X.
I don’t know how those two little books got in there. They are Henley’s “Song of the Sword” and “Book of Verses.” They ought to be over yonder in the rather limited Poetry Section. Perhaps it is that I like his work so, whether it be prose or verse, and so have put them ready to my hand. He was a remarkable man, a man who was very much greater than his work, great as some of his work was. I have seldom known a personality more magnetic and stimulating. You left his presence, as a battery leaves a generating station, charged up and full.
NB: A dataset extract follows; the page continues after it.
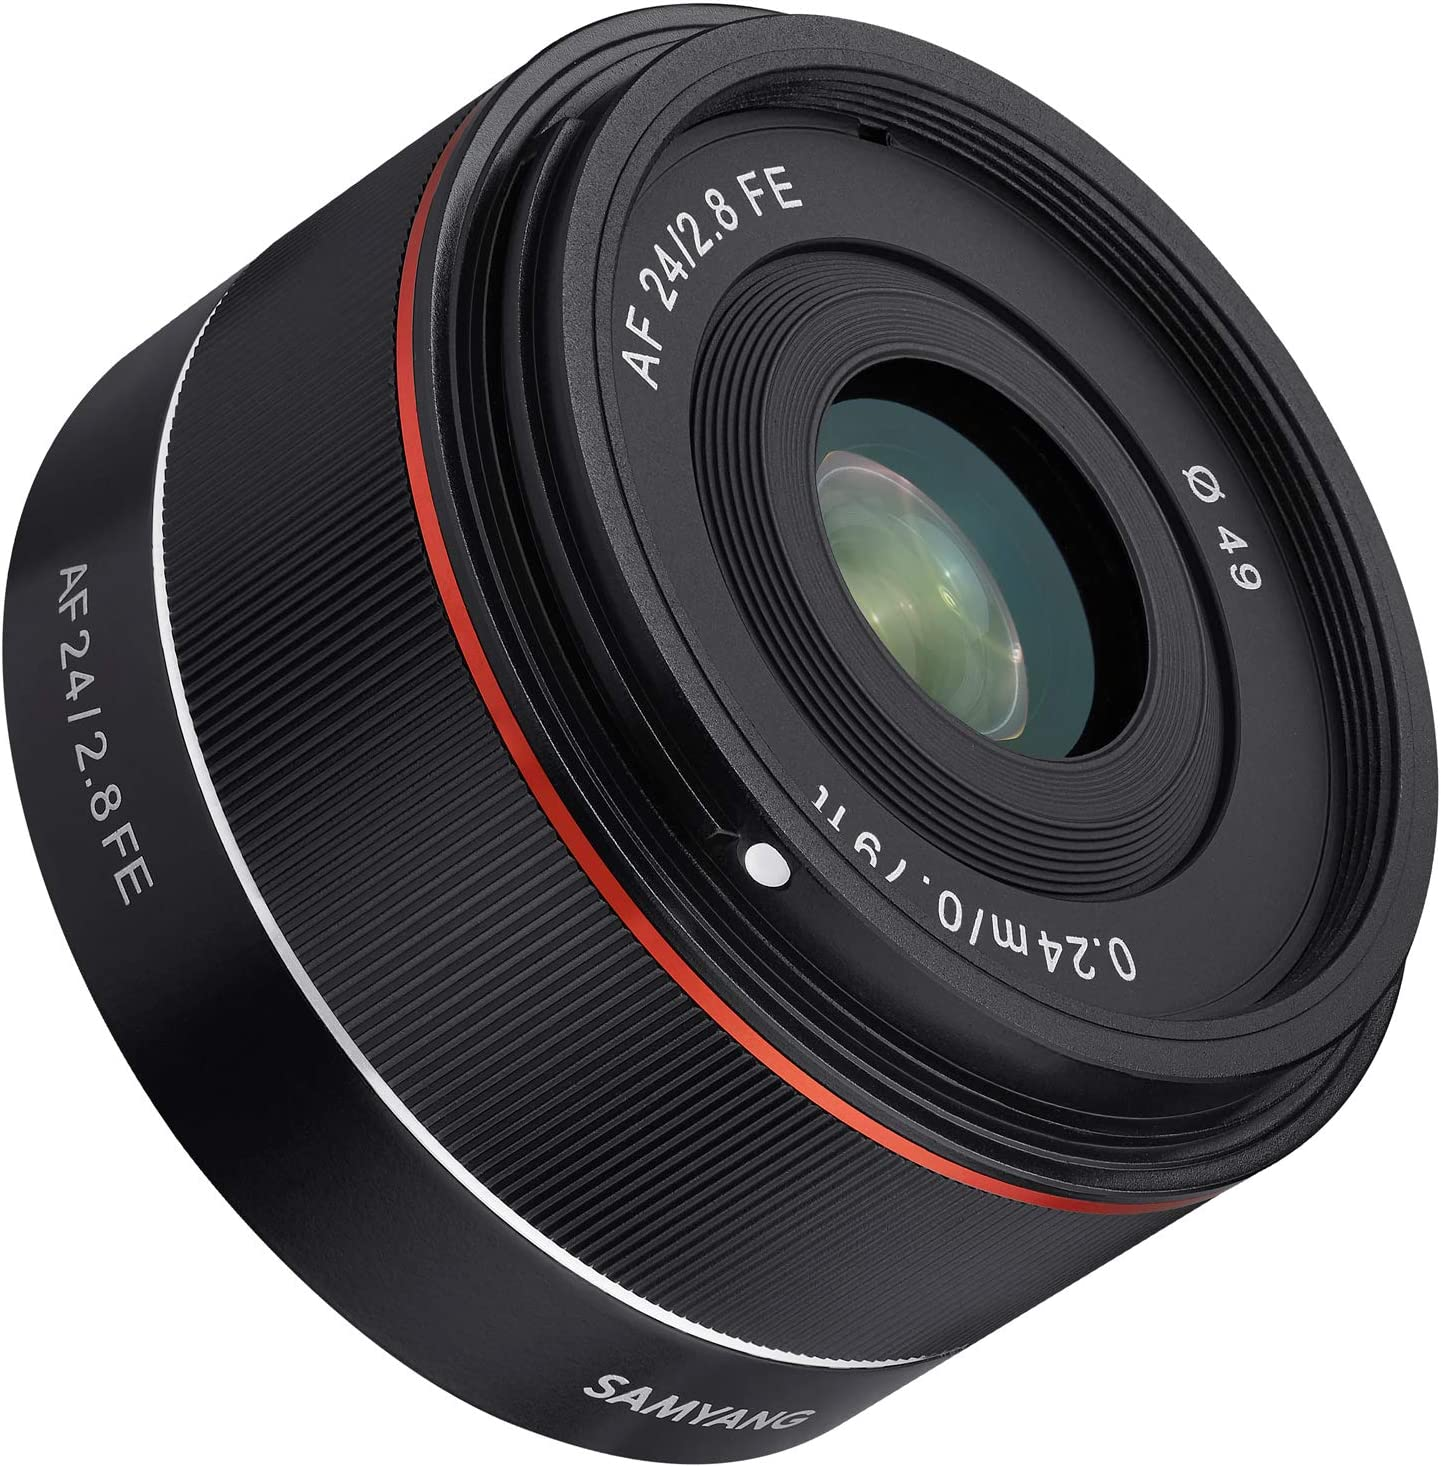 德亞人氣產品 Samyang 森養光學 AF 24mm F2.8 FE 定焦鏡頭
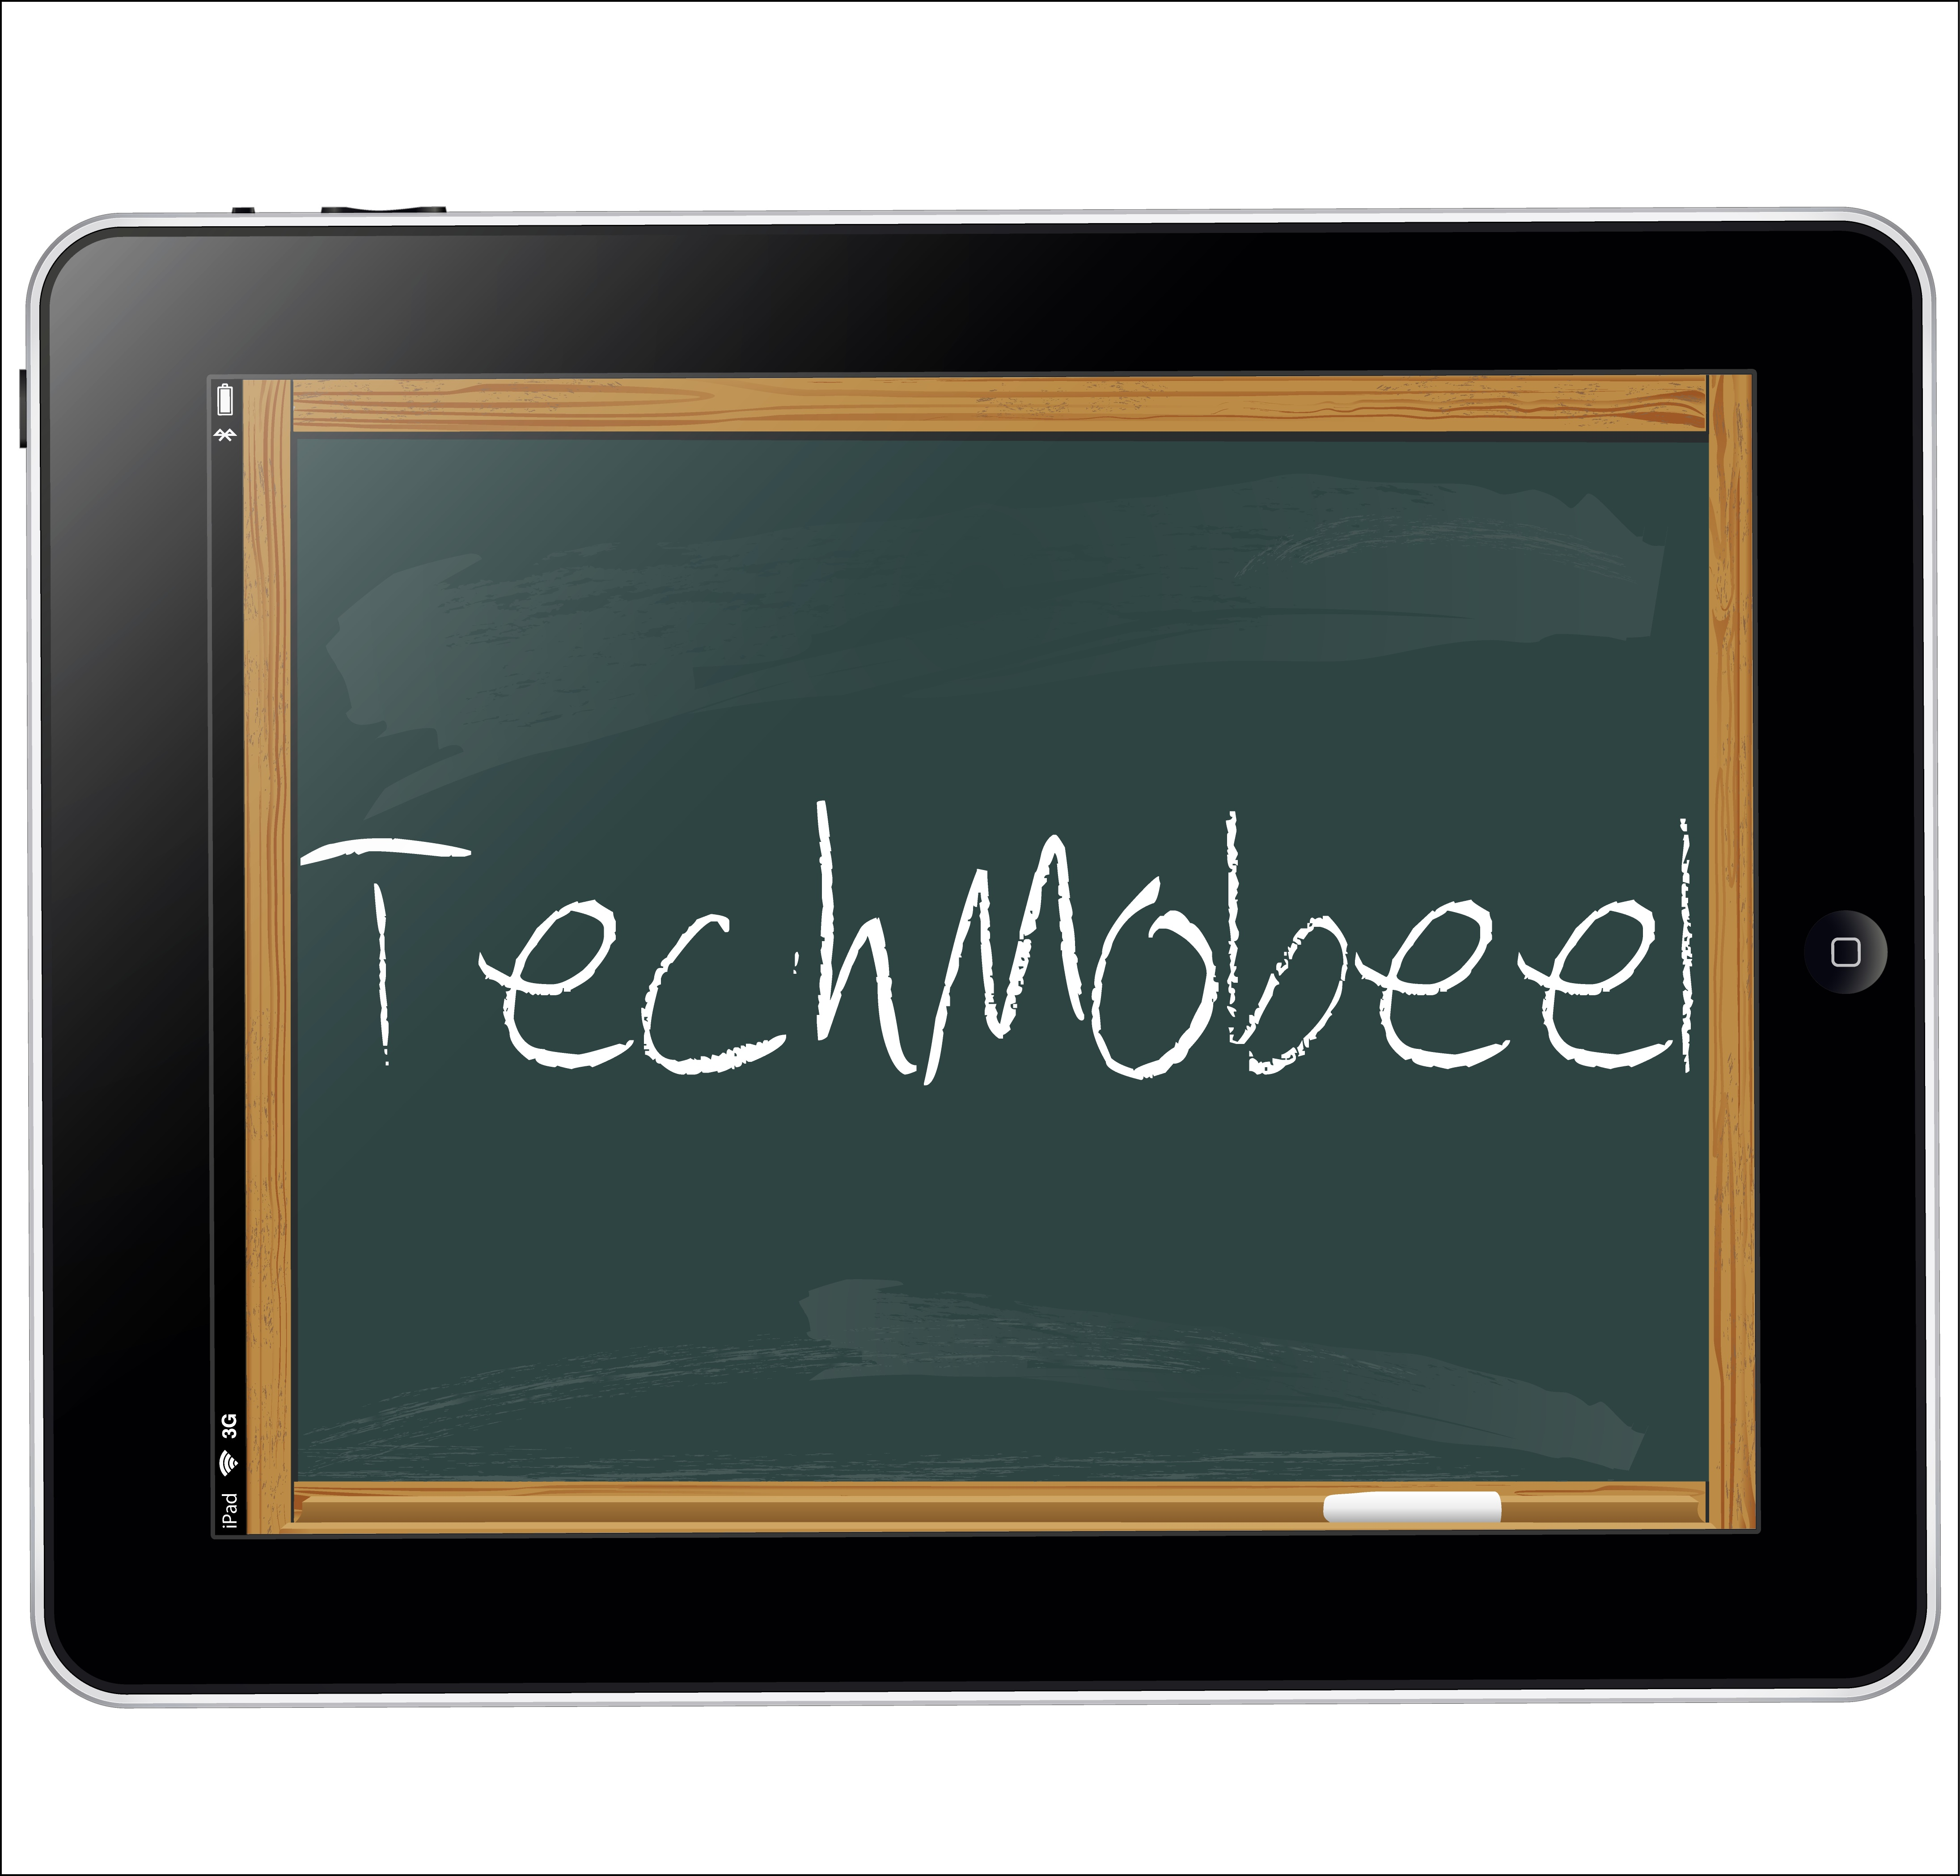 Techmobeel to the Rescue!

He made you feel what a lot of work there was to be done, and how glorious it was to be able to do it, and how needful to get started upon it that very hour. With the frame and the vitality of a giant he was cruelly bereft of all outlet for his strength, and so distilled it off in hot words, in warm sympathy, in strong prejudices, in all manner of human and stimulating emotions. Much of the time and energy which might have built an imperishable name for himself was spent in encouraging others; but it was not waste, for he left his broad thumb-mark upon all that passed beneath it. A dozen second-hand Henleys are fortifying our literature to-day.
Alas that we have so little of his very best! for that very best was the finest of our time. Few poets ever wrote sixteen consecutive lines more noble and more strong than those which begin with the well-known quatrain—
“Out of the night that covers
me,
Black as the pit
from Pole to Pole,
I thank whatever Gods there
be
For my unconquerable
soul.”
It is grand literature, and it is grand pluck too; for it came from a man who, through no fault of his own, had been pruned, and pruned again, like an ill-grown shrub, by the surgeon’s knife. When he said—
“In the fell clutch of Circumstance
I have not winced
nor cried aloud,
Beneath the bludgeonings of
Chance
My head is bloody
but unbowed.”
It was not what Lady Byron called “the mimic woe” of the poet, but it was rather the grand defiance of the Indian warrior at the stake, whose proud soul can hold in hand his quivering body.